Stored data START

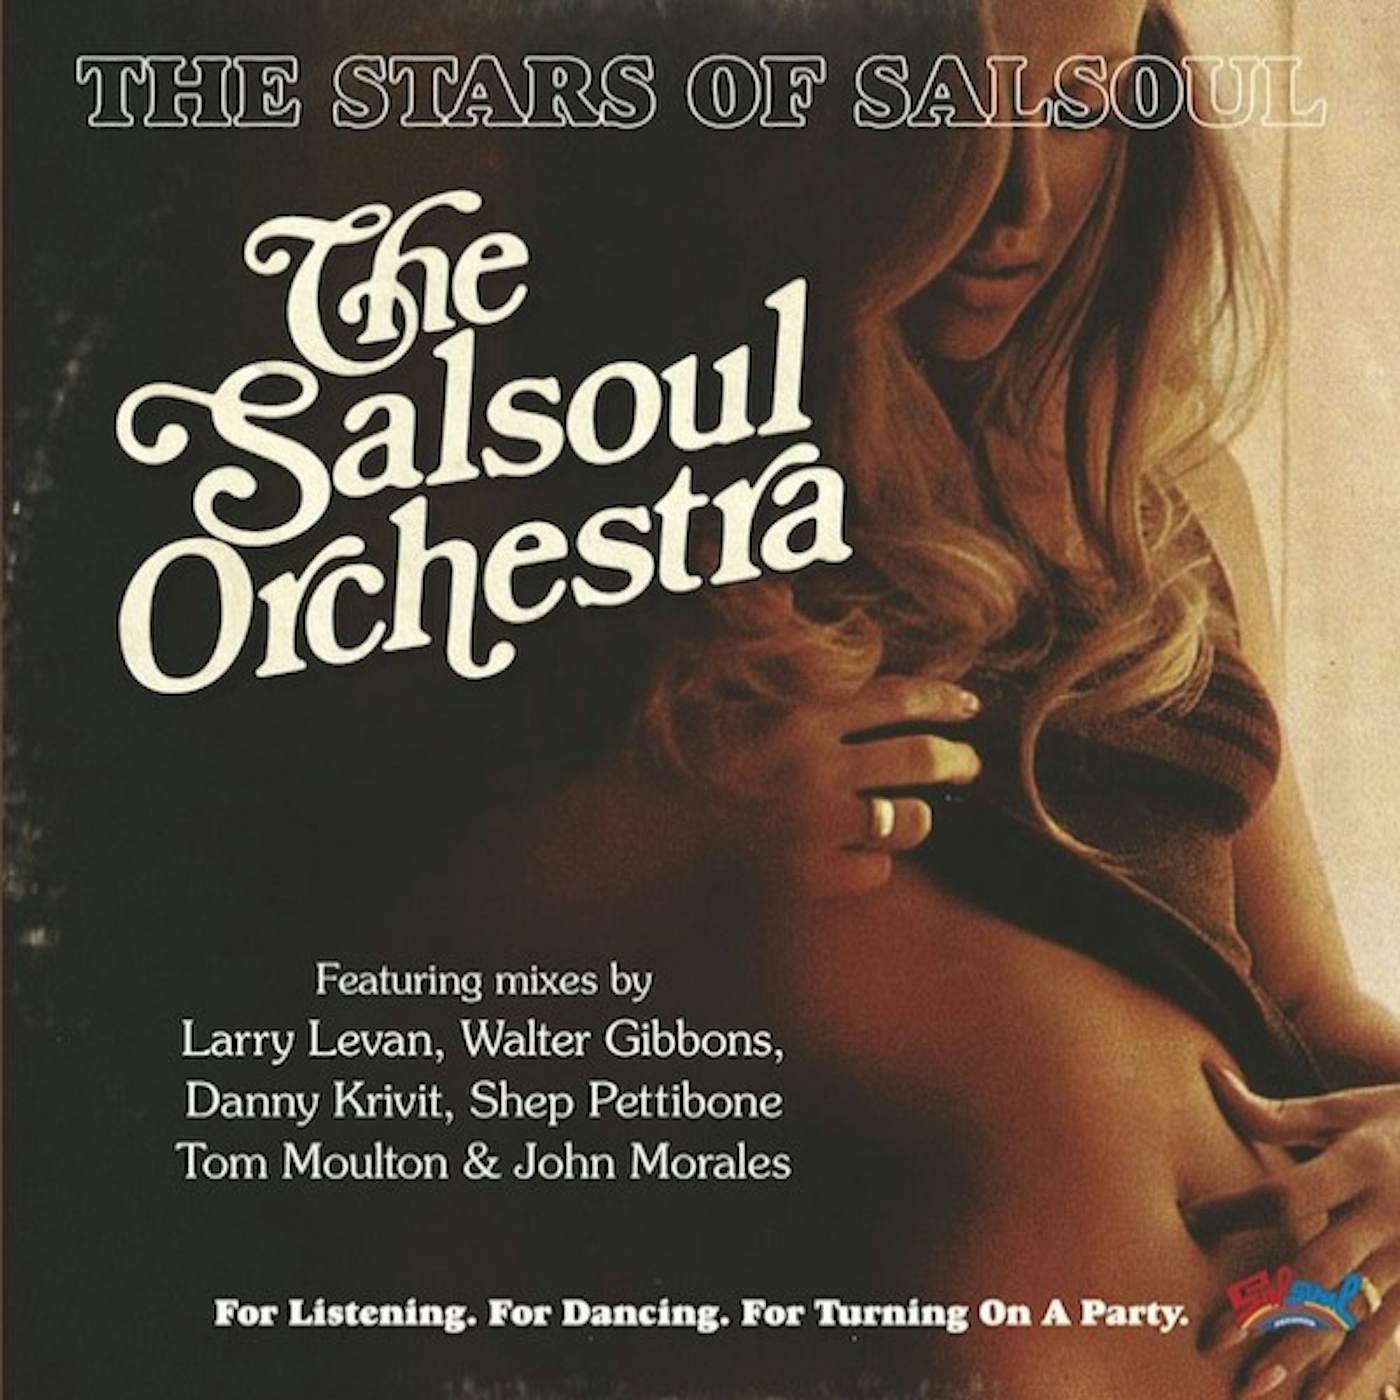 The Salsoul Orchestra STARS OF SALSOUL Vinyl Record
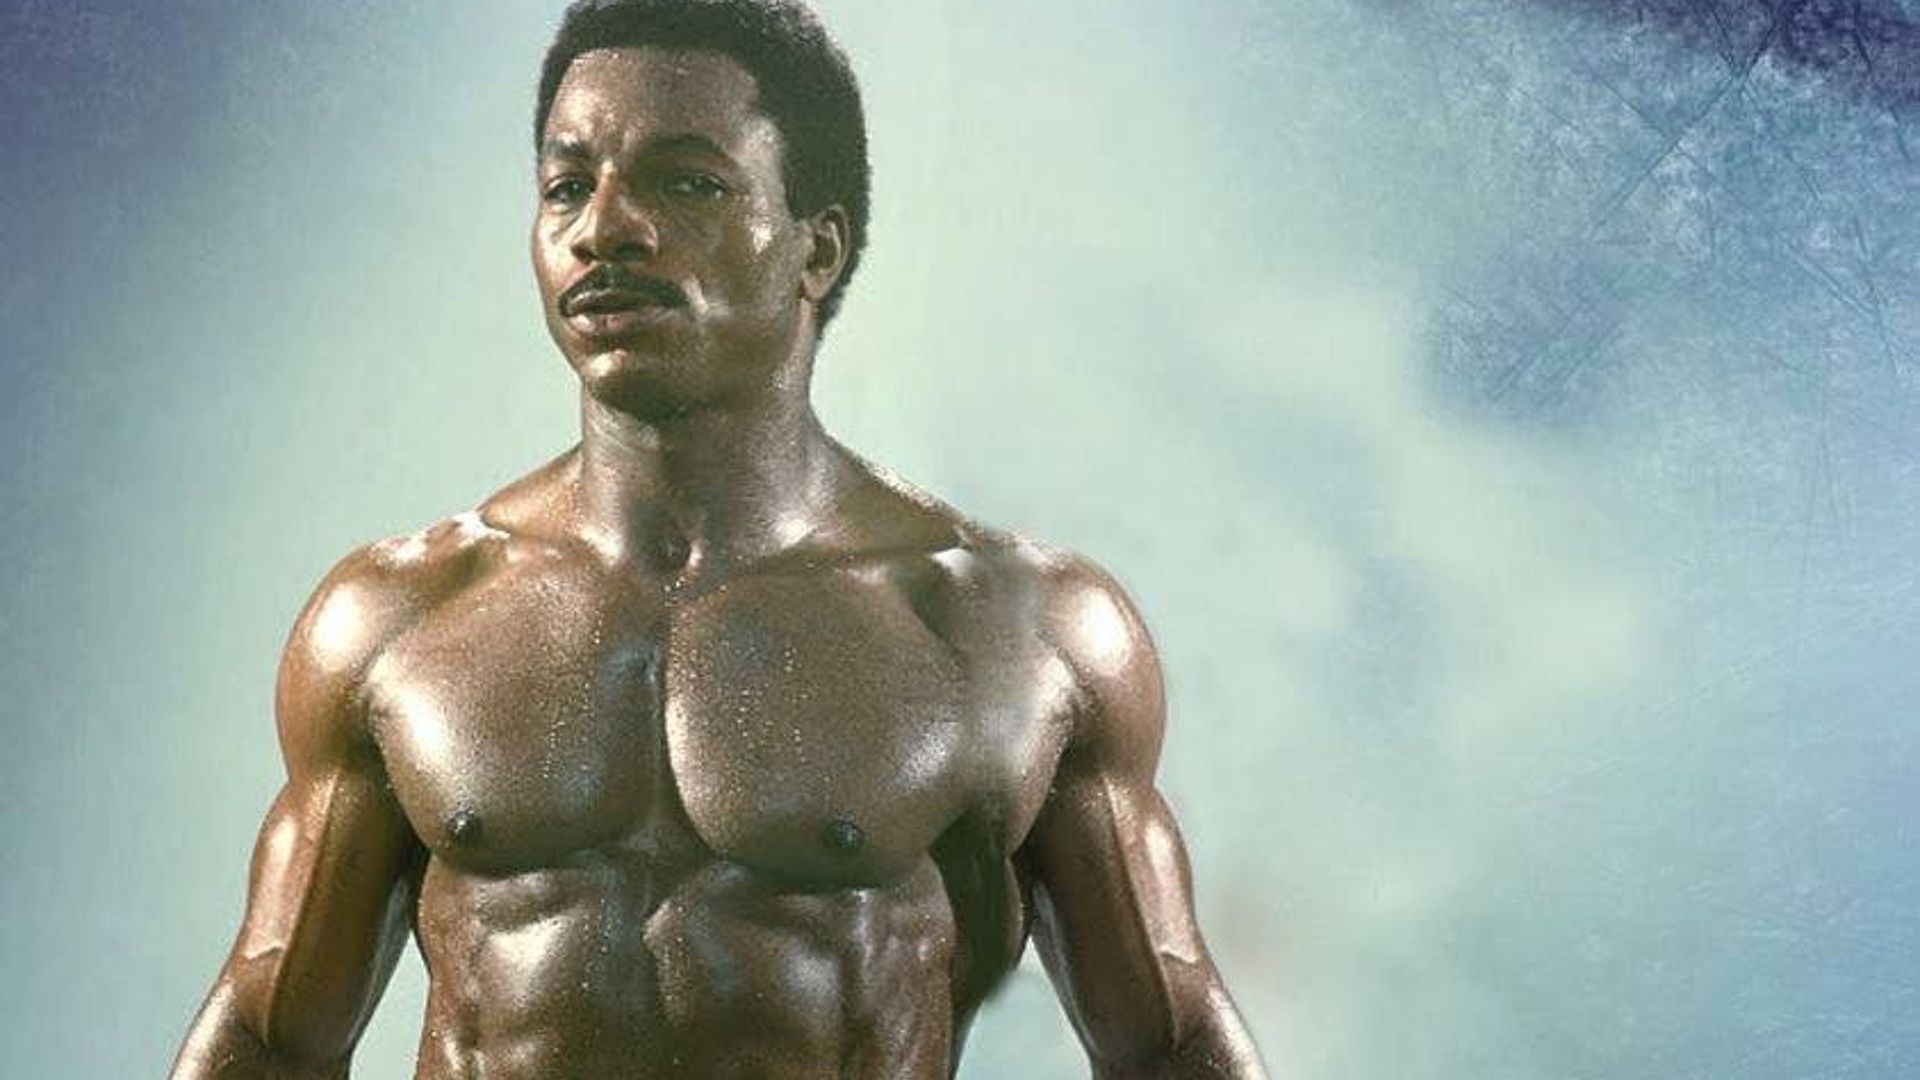 Carl Weathers, Apollo Creed From Rocky movies, Dead At 76
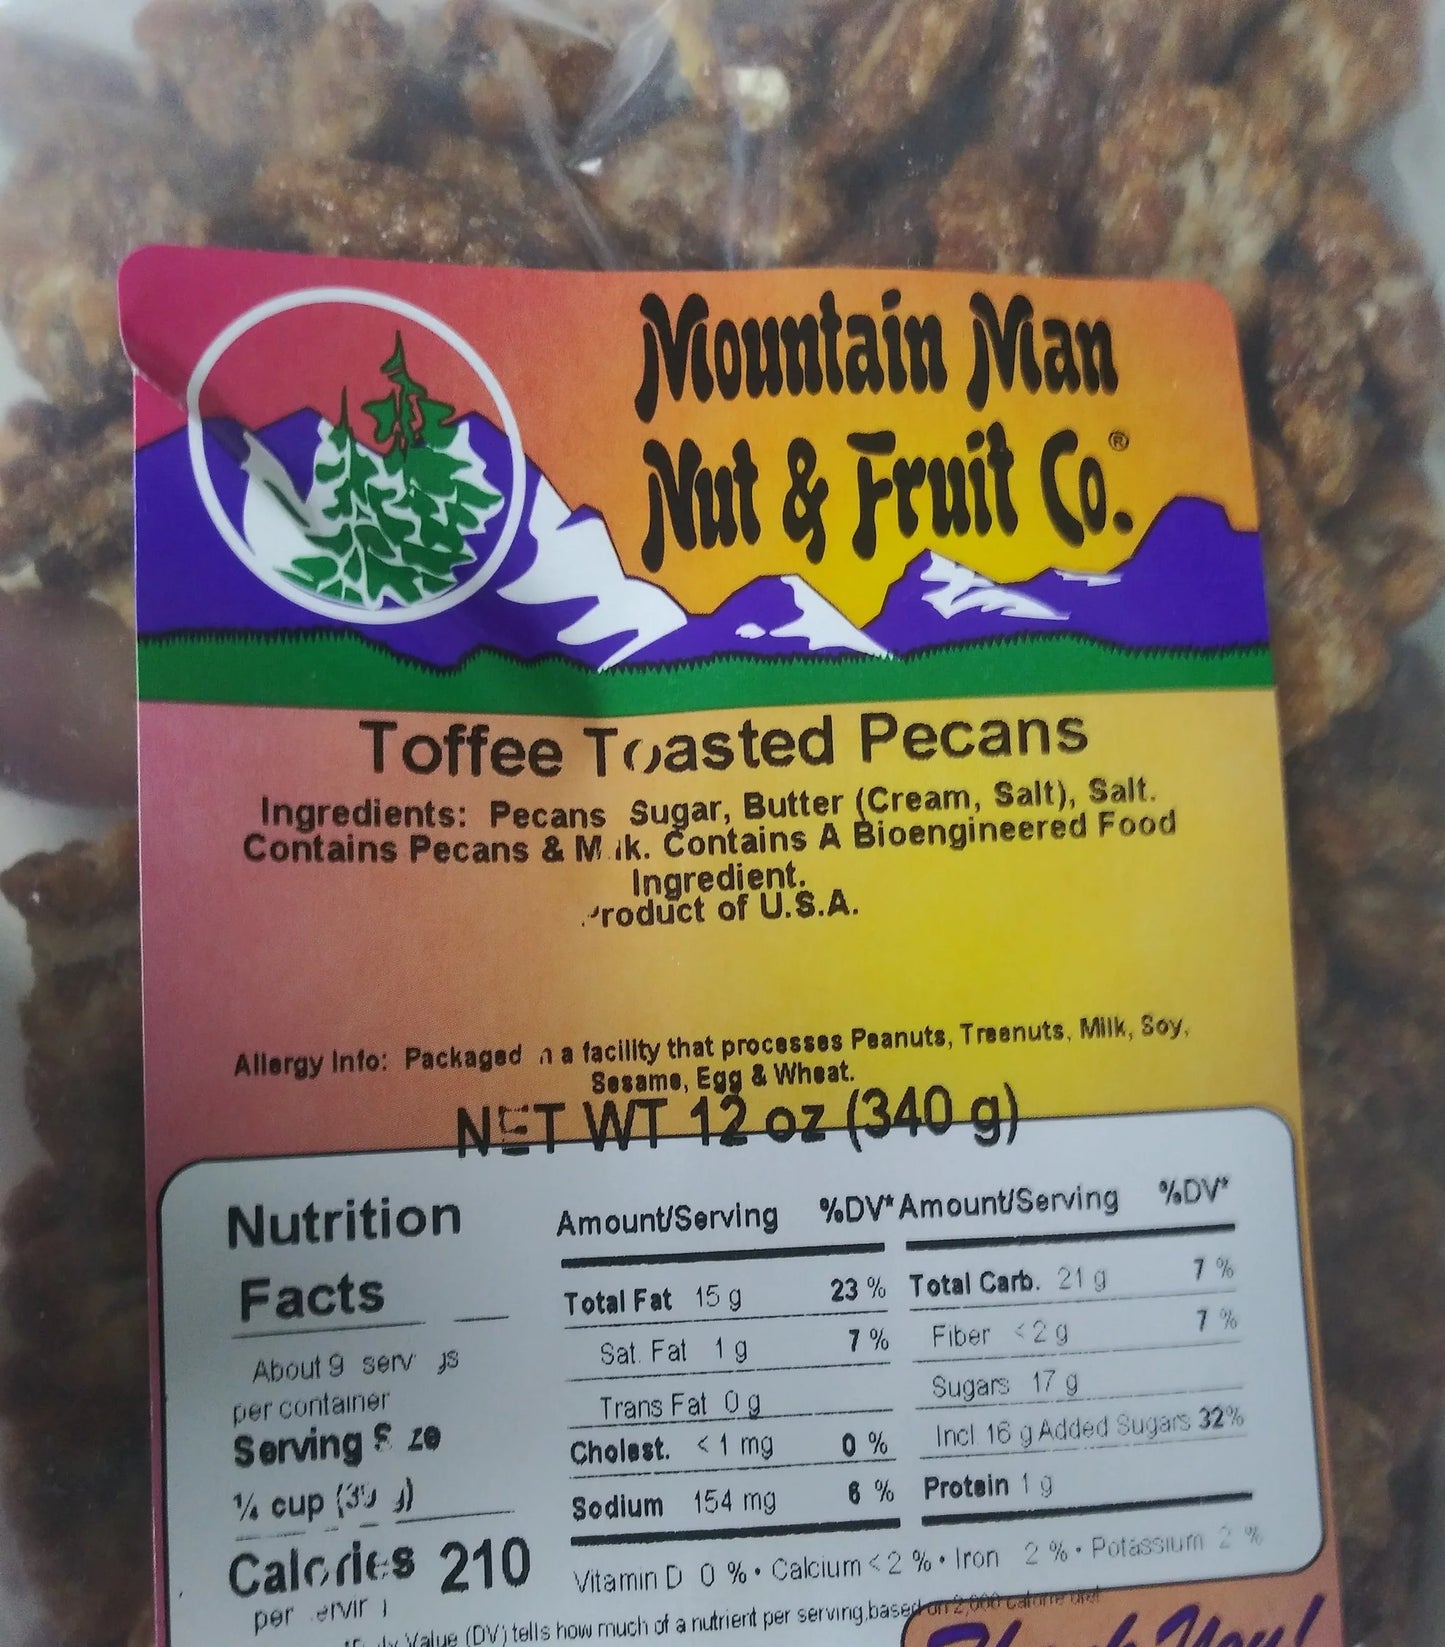 Toffee Toasted Pecans

Stored data END

Problem to solve: Please give the data again in full, exactly as written, but without any images.

Final answer:
 The Salsoul Orchestra STARS OF SALSOUL Vinyl Record
 Carl Weathers, Apollo Creed From Rocky movies, Dead At 76
 Toffee Toasted Pecans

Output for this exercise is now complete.